2. Reinforcement learning: Optimizing answers to better match human preferences
SFT is just "imitation", while reinforcement learning is "optimizing preferences" - letting the model learn what kind of answers are more popular and reasonable.
1) Where does the reward come from?
DeepSeek V3's reward model uses a dual-track reward system to provide precise feedback based on the nature of the question:
Rule-based objective rewards : For questions with definite answers (such as math or programming questions), a regularized verification mechanism is designed:
- Require the model to provide the final answer in a specific format, which is then verified by the rules
- For programming problems, use the compiler to generate objective feedback based on test cases
This approach provides a reliable evaluation criterion that is not easily manipulated.
Model-based flexible rewards : For open questions or subjective tasks, we use the reward model trained from the DeepSeek-V3 SFT checkpoint for evaluation
2) Innovation of optimization strategy: Adopting group relative strategy optimization (GRPO) :
- Generate multiple answers for each prompt
- Compare the score differences within the group and construct an advantage function
- Optimize strategies to make answers more in line with preferred directions
This method is more stable and computationally efficient than traditional PPO, and is more suitable for large model training. ( For detailed explanation, please refer to the previous content )

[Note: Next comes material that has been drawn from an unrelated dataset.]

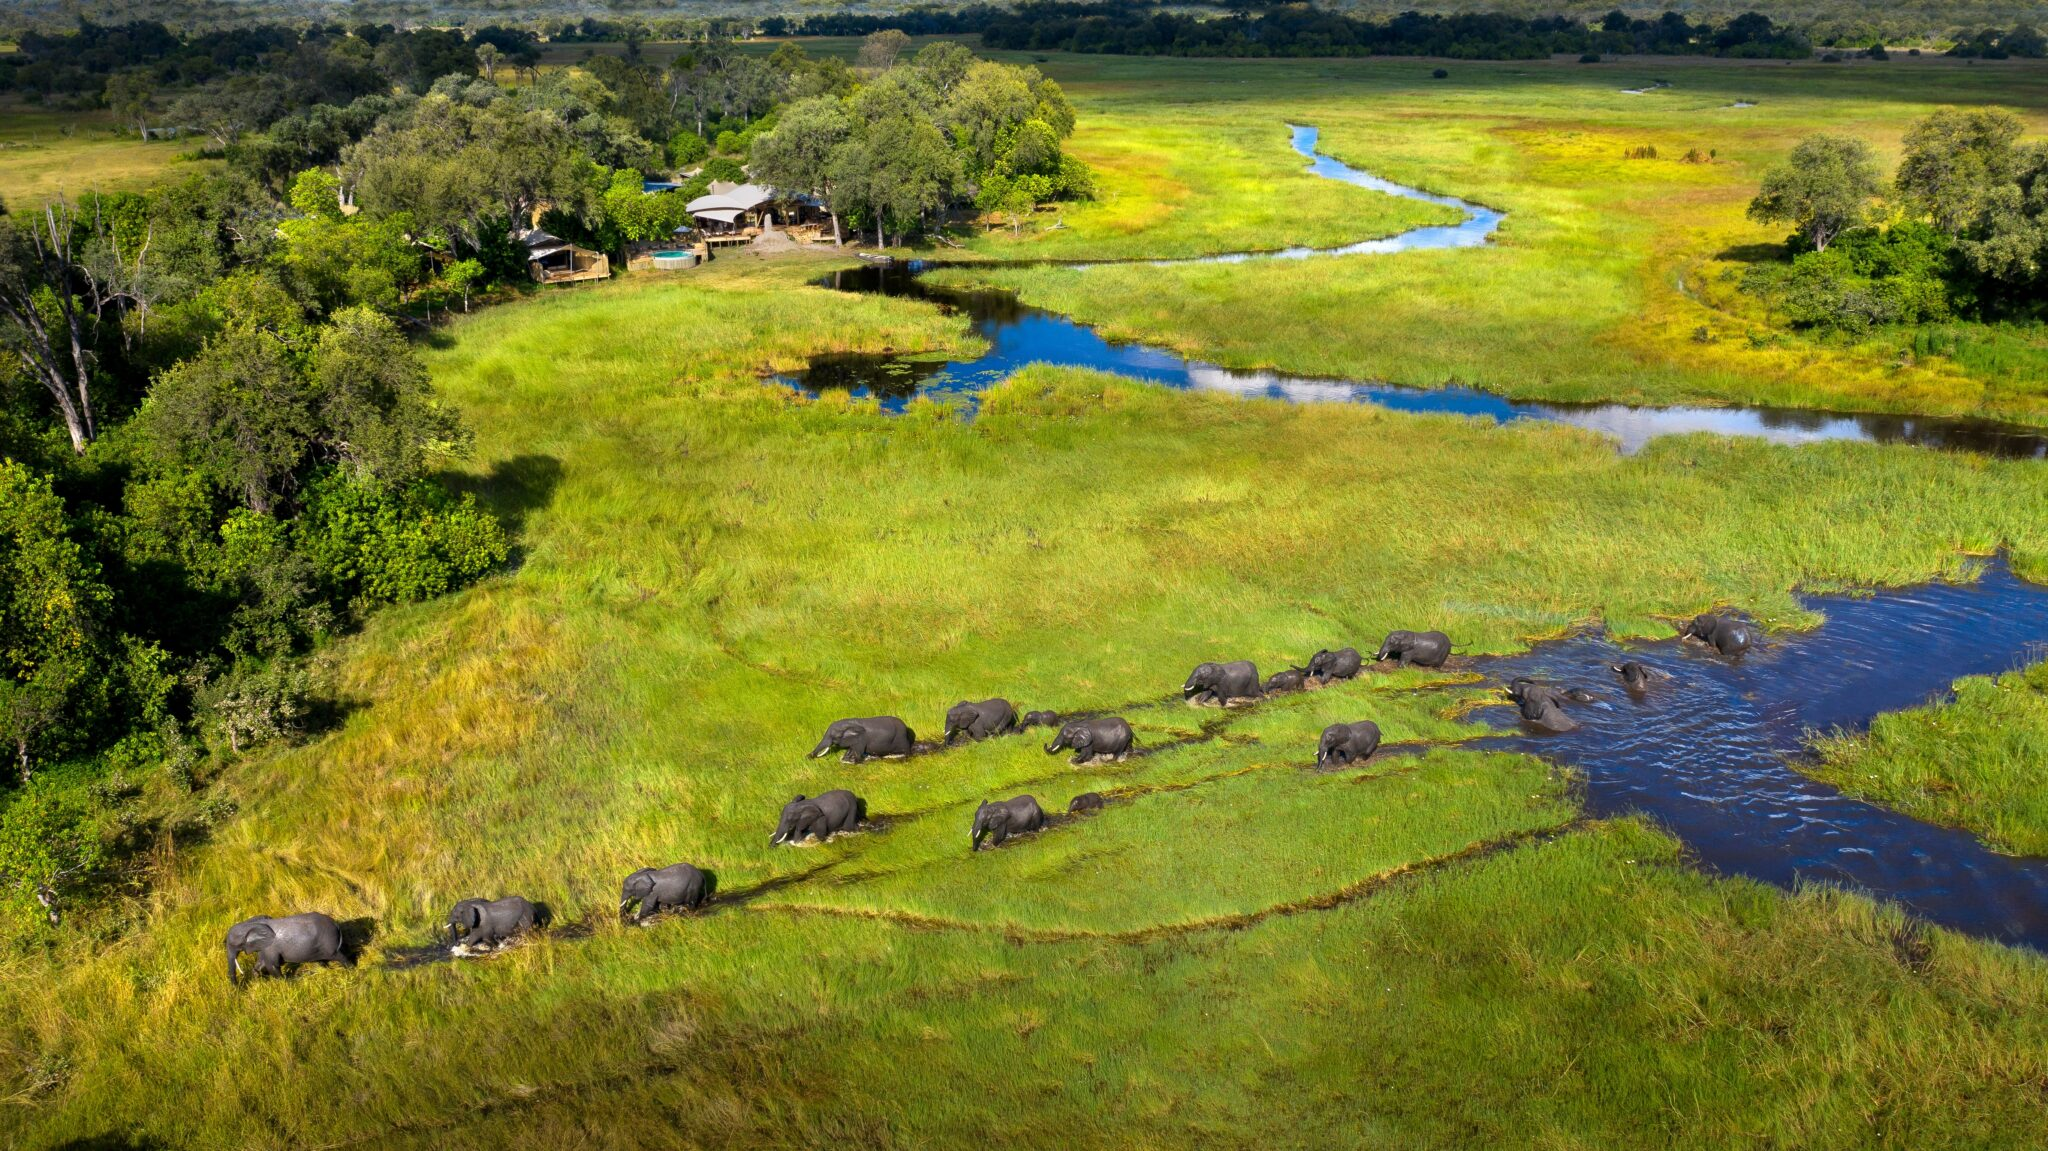 Reclaiming the African Safari with Beks Ndlovu
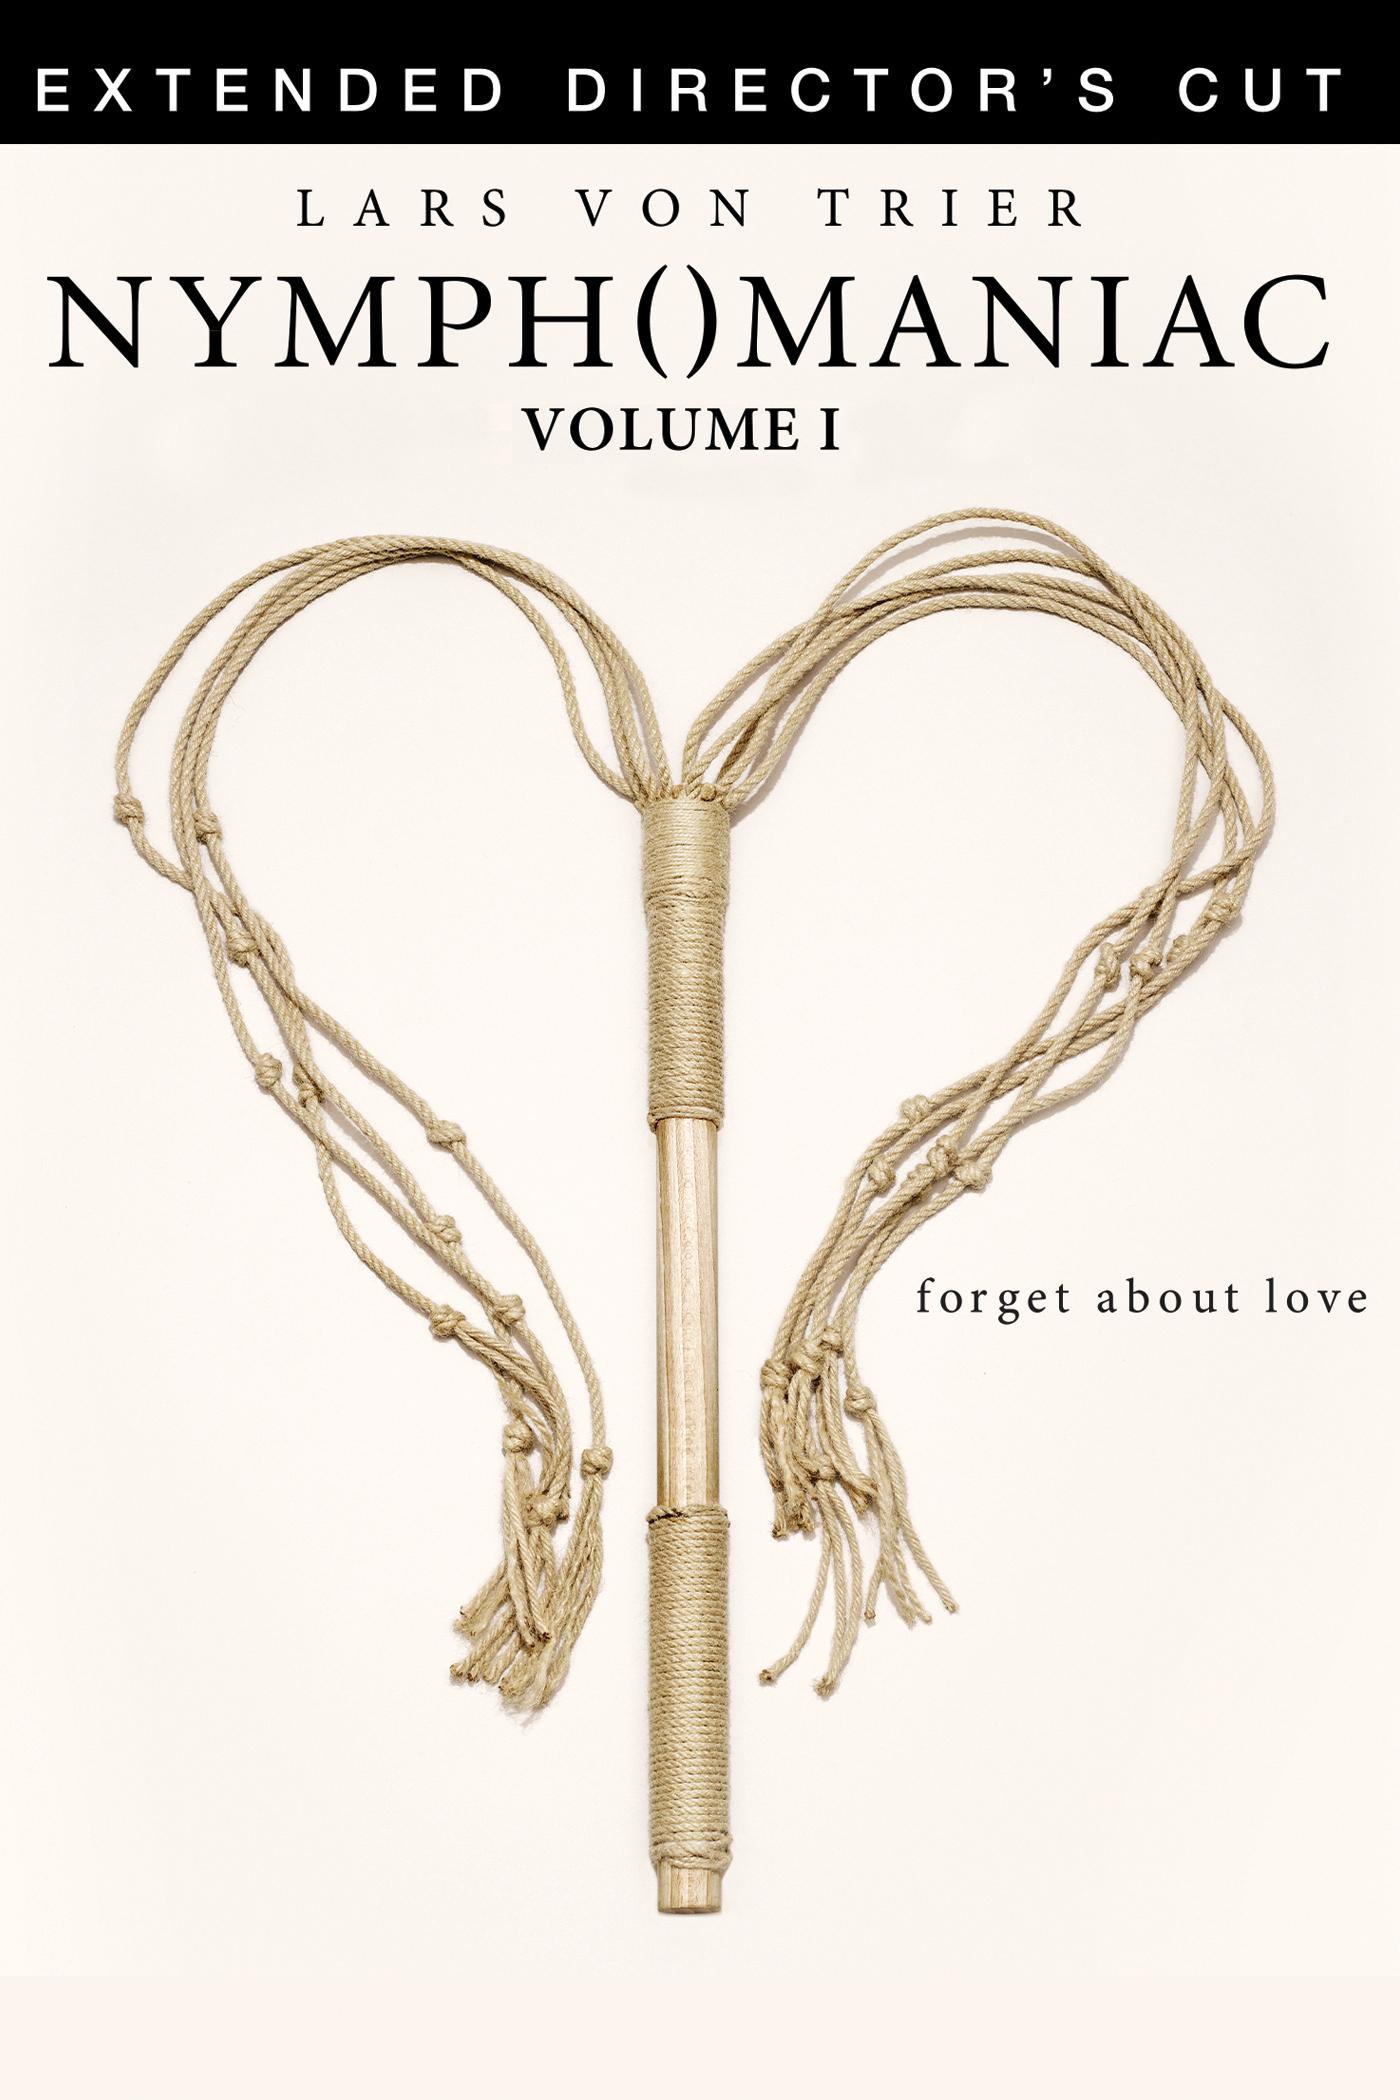 Nymphomaniac: Volume I (Extended Director's Cut)

3. As usual, let’s summarize
Through the training process of DeepSeek-V3, we can clearly see the two key stages of the growth of large models:
- Pre-training : Use ultra-large-scale data to build a language "base" to give the model general understanding and expression capabilities.
- Post-training : Through instruction data and human preference guidance, the model can better understand the task, be more human-friendly, more practical and safer.